First, let me share a little syntax comparison I found interesting:

In C++ code:

int i = 0;
int number = 5;
while(i < 5){
i++;
}
cout << "We have looped " << i << " times." << endl;


In masm32 code:

        mov ax,0
mov ecx,5
L1:
inc ax
loop L1


In both languages, we've looped 5 times, and got there by keeping track of how many times we have looped.

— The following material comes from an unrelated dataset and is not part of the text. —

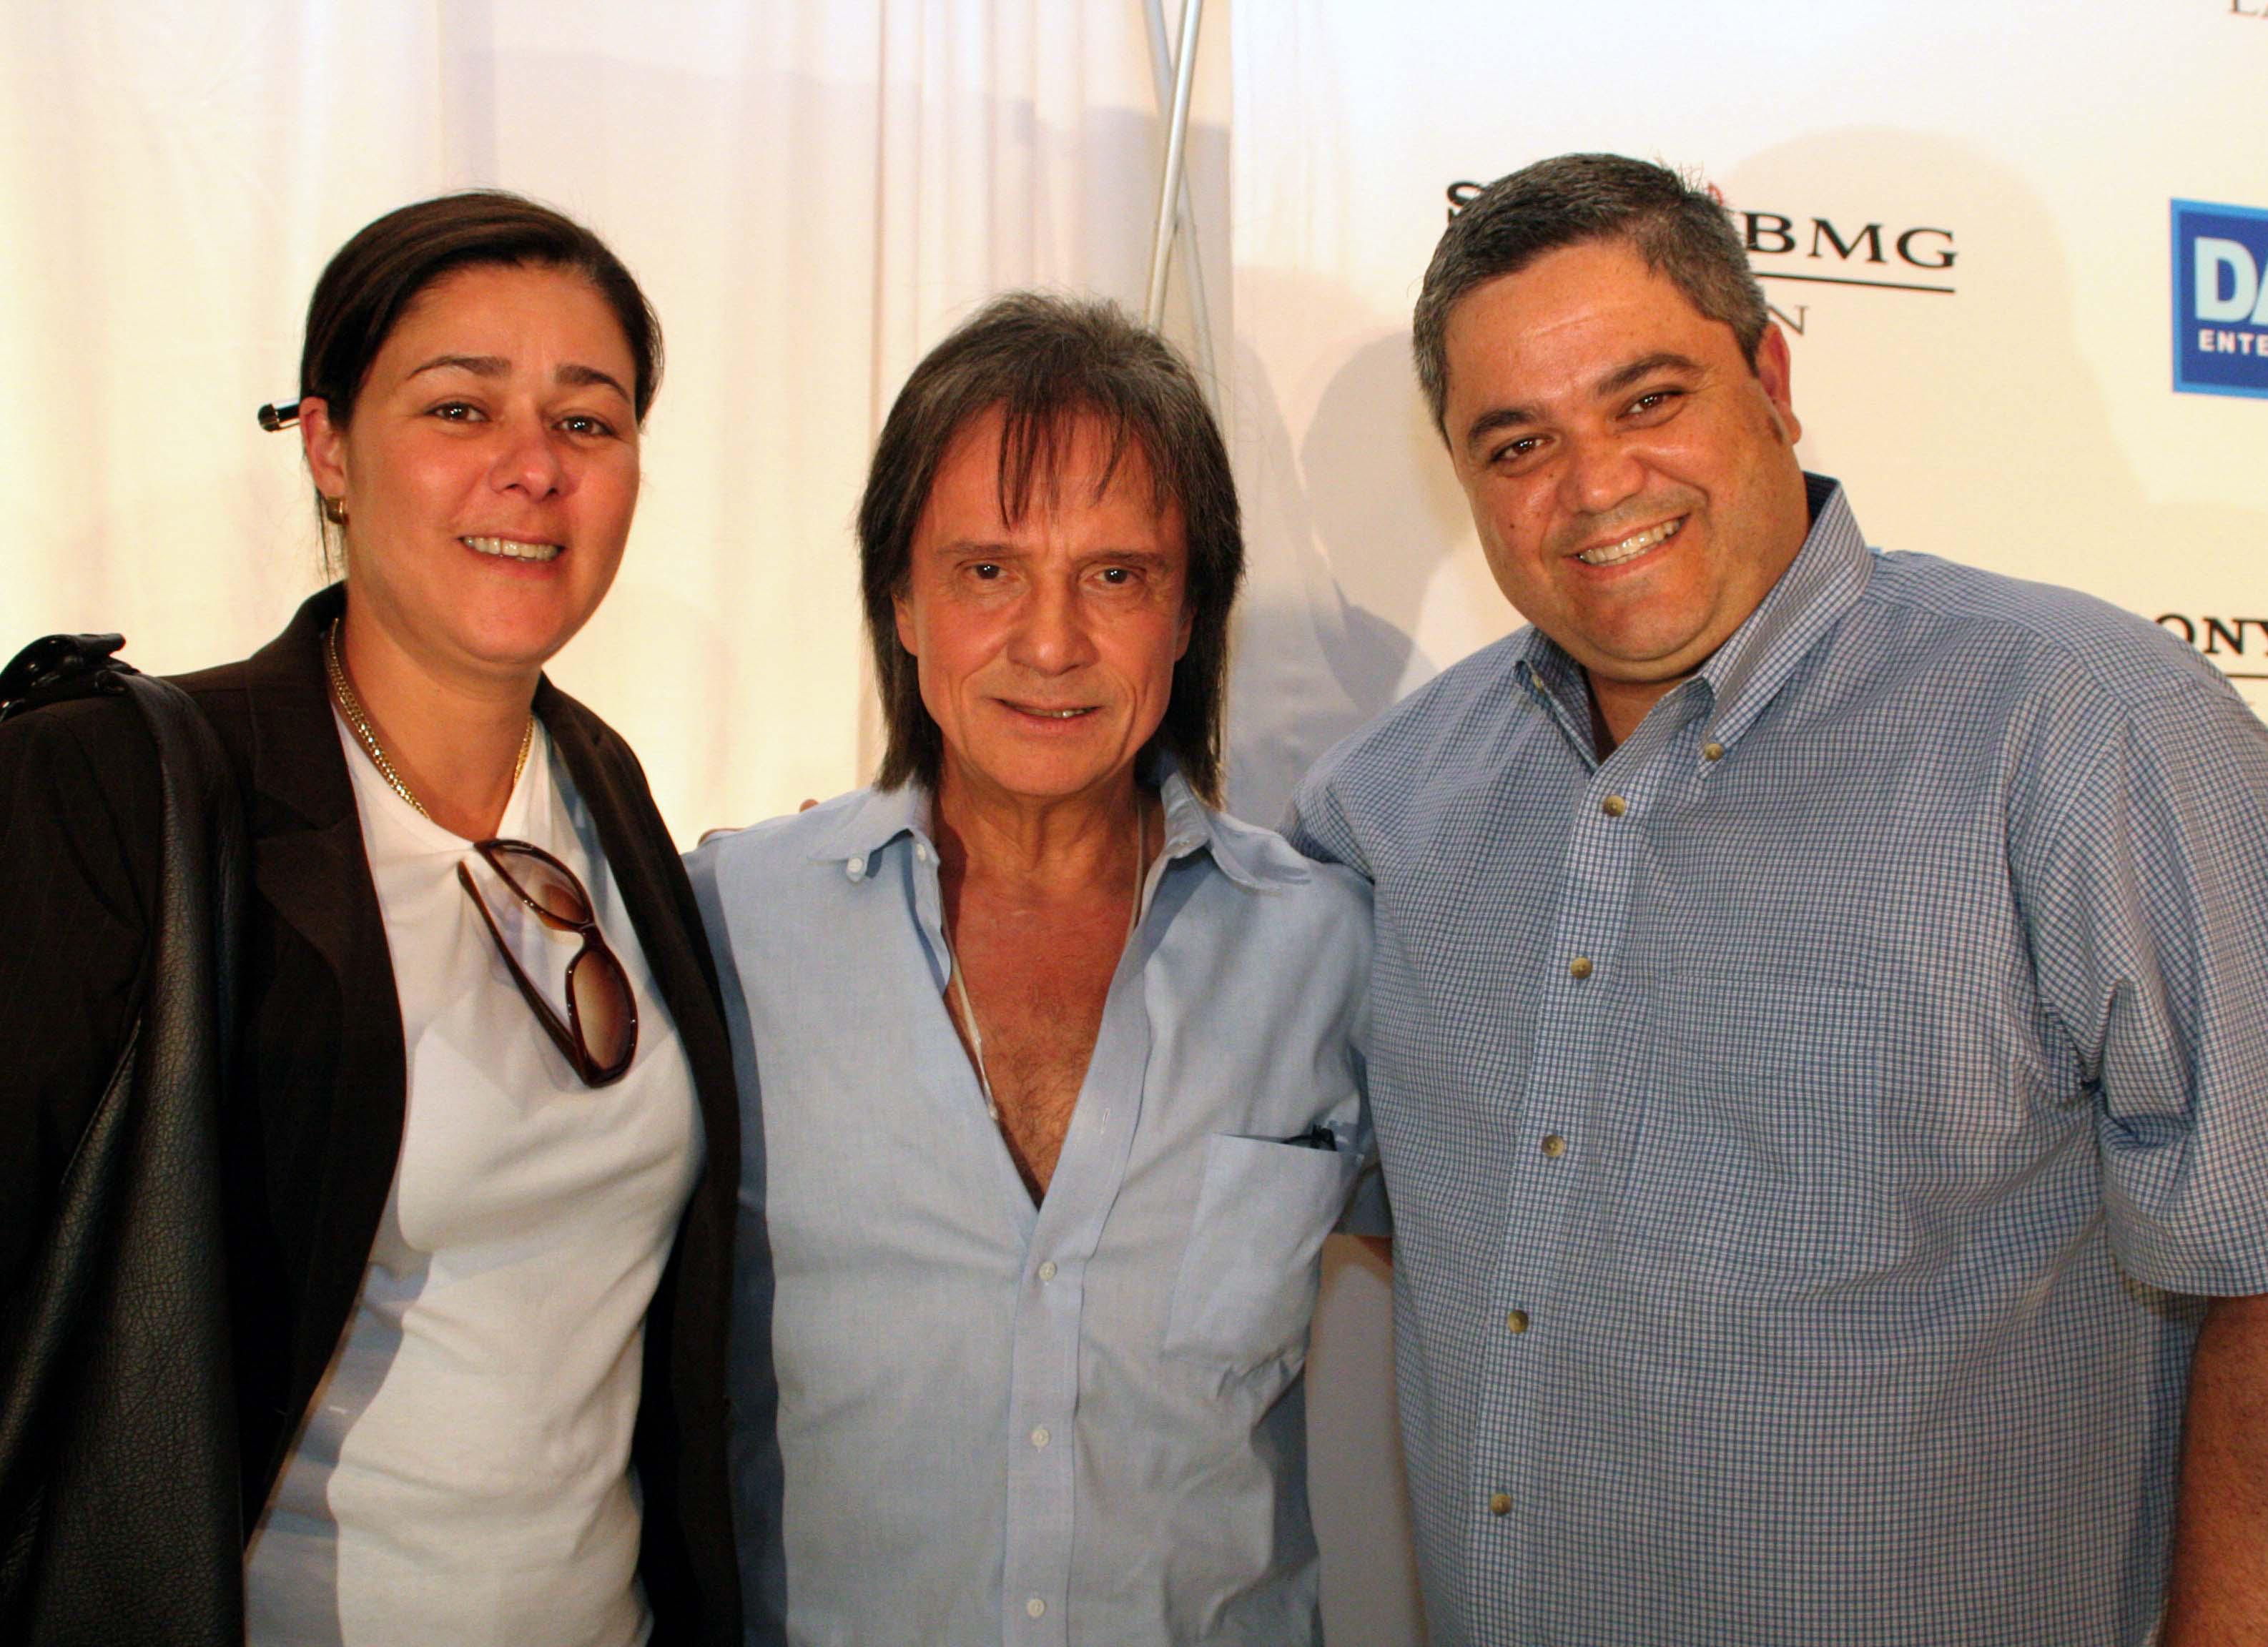 Ana e Antonio Martins
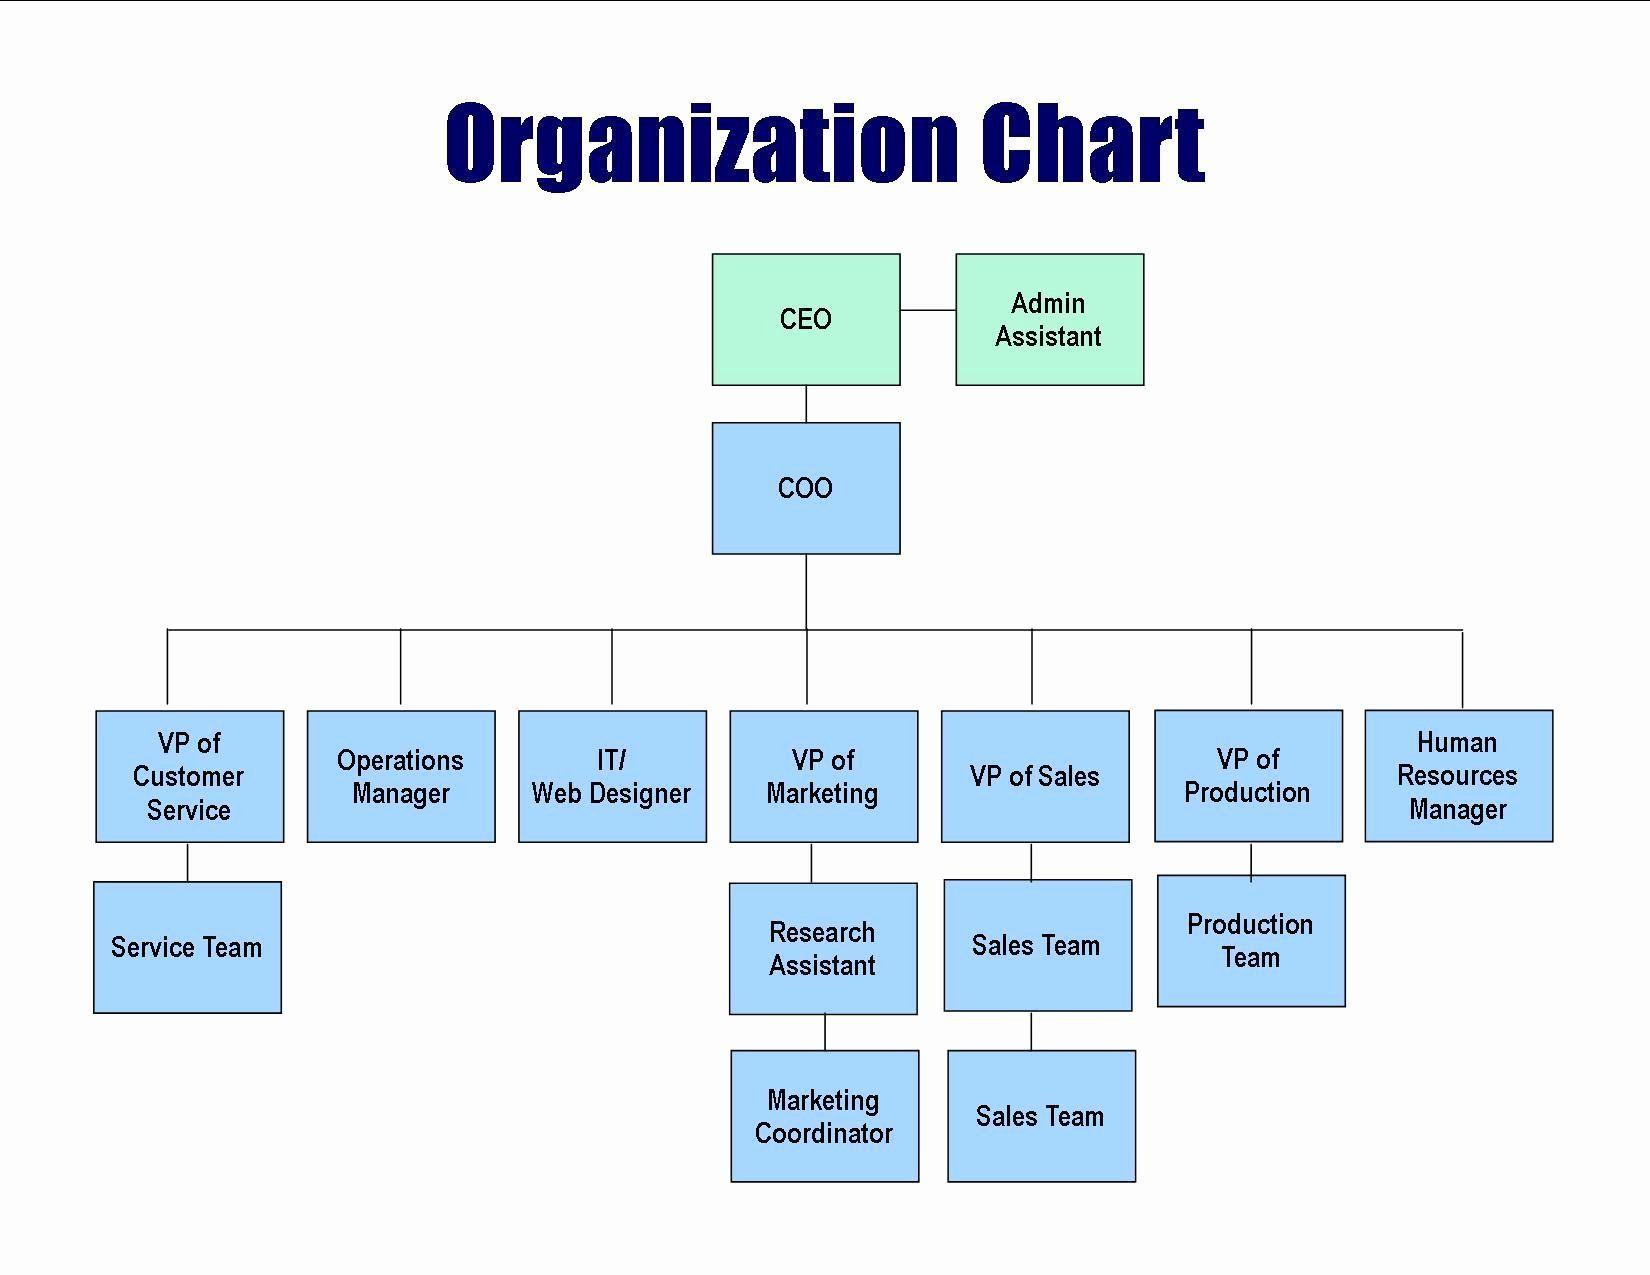 Hospital Organizational Chart Examples Fresh Hospital Organizational Chart Template S Organizational Chart Business Organizational Structure Business Org Chart

It's interesting, though, how in C++ the loop counter counts forward and compares, while in assembly the program counts backwards instead, while watching for when the ECX register decrements to zero.

However, those rules don't help me understand the example from the review questions in my book:

What will be the final value of EAX in the following code:

   mov eax,0
   mov ecx,10 ;outer loop counter
L1:
   mov eax,3
   mov ecx,5 ;inner loop counter
L2:
   add eax,5
   loop L2 ;repeat inner loop
   loop L1 ;repeat outer loop

The answer in the back of the book says:
"This is a trick! The program does not stop, because the first loop instruction decrements to zero, and the second loop instruction decrements ECX to FFFFFFFFh, causing the outer loop to repeat."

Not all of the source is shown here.